We should also recognise that nutrition is a critical component of food security. There are several reasons for this.

The first is the nutrition of very young children. We know that if children don’t receive enough energy, and if they do not receive the right kinds of nutrients, it has a long-lasting impact on their future. Children who may be eating enough, but who are not eating well enough experience other forms of malnutrition. The Early Childhood Development Review reports that, 13 per cent of children under the age of 5 years are overweight. These children are likely to become overwieght or obese adolescents and adults, and the DHS reports that the prevalence of both has increased since 1998, and that in 2016, 68 per cent of South African women and 31 per cent of men were overweight or obese.

Proper nutrition is thus also important for adults. In South Africa and increasingly across Africa, we are experiencing – amid concerns of food security – problems of overconsumption where people are consuming too much energy. And not necessarily nutritious food, but food that causes people to become overweight and obese.

This leads to several problems, not only at the individual level, but also at the societal and public health level. The first is the probably of increased risk of non-communicable diseases, such as hypertension and Type 2 diabetes and some cancers such endometrial, breast and colon. The second are the difficulties that come with being overweight such as musculoskeletal risks including osteoarthritis and mobility problems.
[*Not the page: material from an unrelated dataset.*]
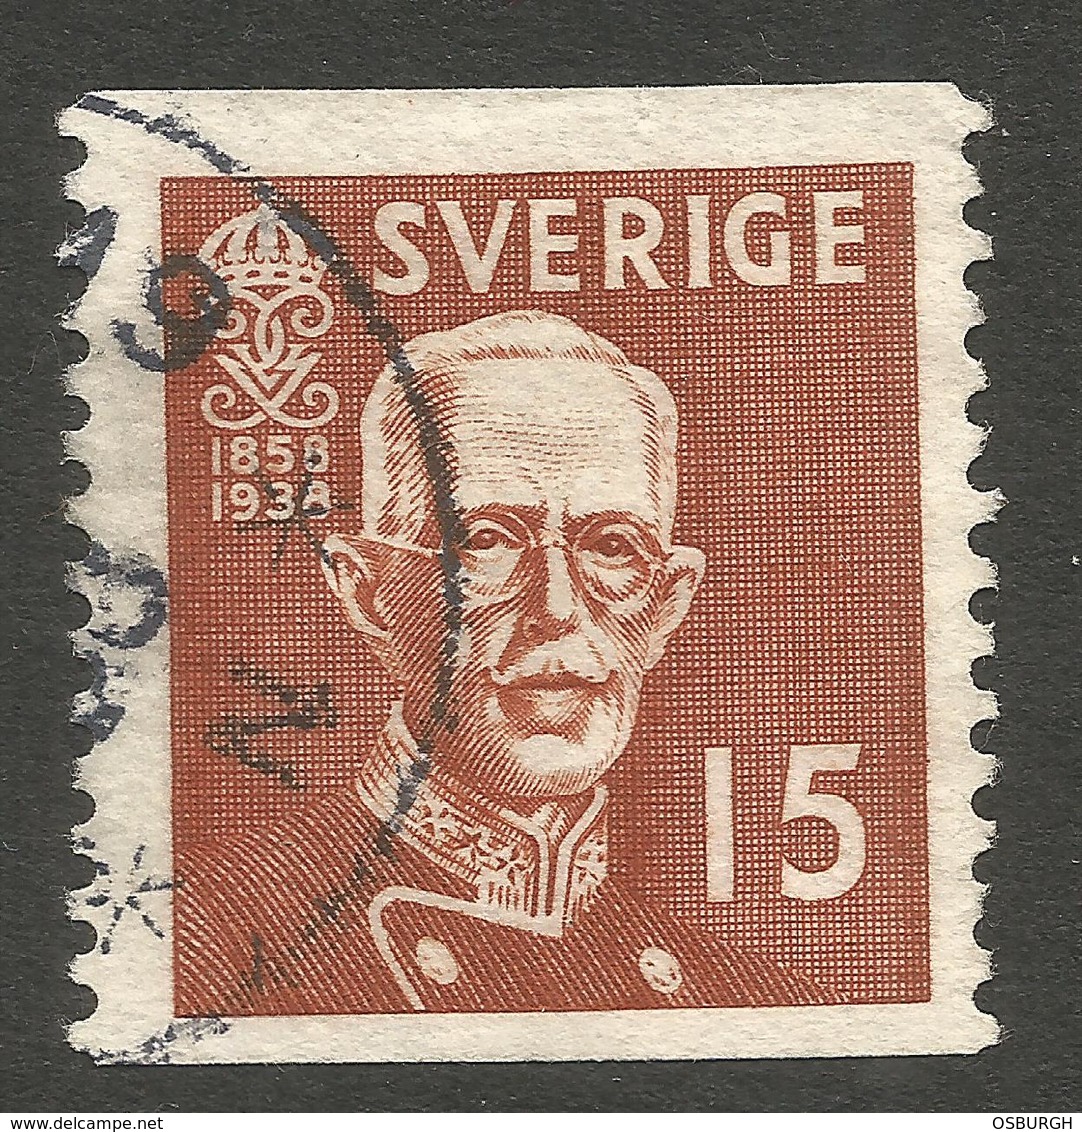 SWEDEN. 15o BROWN USED - Used Stamps

People wind up being less healthy than they could have been had they had diets that were nutritious rather than obesogenic.

Increasingly, food security is now recognised as being a ‘wicked problem’; in this case, wickedness means that it’s a problem that is difficult to solve. Meaning that there is not necessarily an obvious right or a patently wrong solution. And the solutions are not necessarily permanent. What works today does not necessarily work tomorrow. So solutions change over time, and what is a solution today could become a problem tomorrow.

Addressing these combined issues of complexity and of wickedness is going to require a particular kind of intervention, a particular kind of solution. We are now realising that food security – much like the issue of climate change – is what’s known as a collective-action problem, a problem that involves multiple stakeholders, and will require collective action from all of these stakeholders. One example that is foremost in our minds, for instance, is how we manage the current drought in the Western Cape; if individuals don’t manage their water consumption, then all in the Western Cape are all going to suffer.

We will have to think of new ways of doing business. For instance, if we continue to accept the promotion the consumption of unhealthy foods and beverages – foods whose consumption will lead to problems of overweight, such as diabetes and cardiovascular disease  – that will have longtermconsequences for the economy as a whole. This is likely to mean that we will all have to pay more for the National Health Insurance System when it is introduced as there will be more people who are living with nutrition-related non-communicable diseases.

Consequently even though the different stakeholders in the food system may not all agree on the causes of the problem or even the nature of the solution, finding a way forward will demand collective action. It will require partnering, often with groups that may find it difficult to form such partnerships. While we may not all be happy or benefit from the solution – one person or business may benefit or lose more than the other – we will have to understand that if we don’t deal with food insecurity, the consequences will be negative for all South Africans.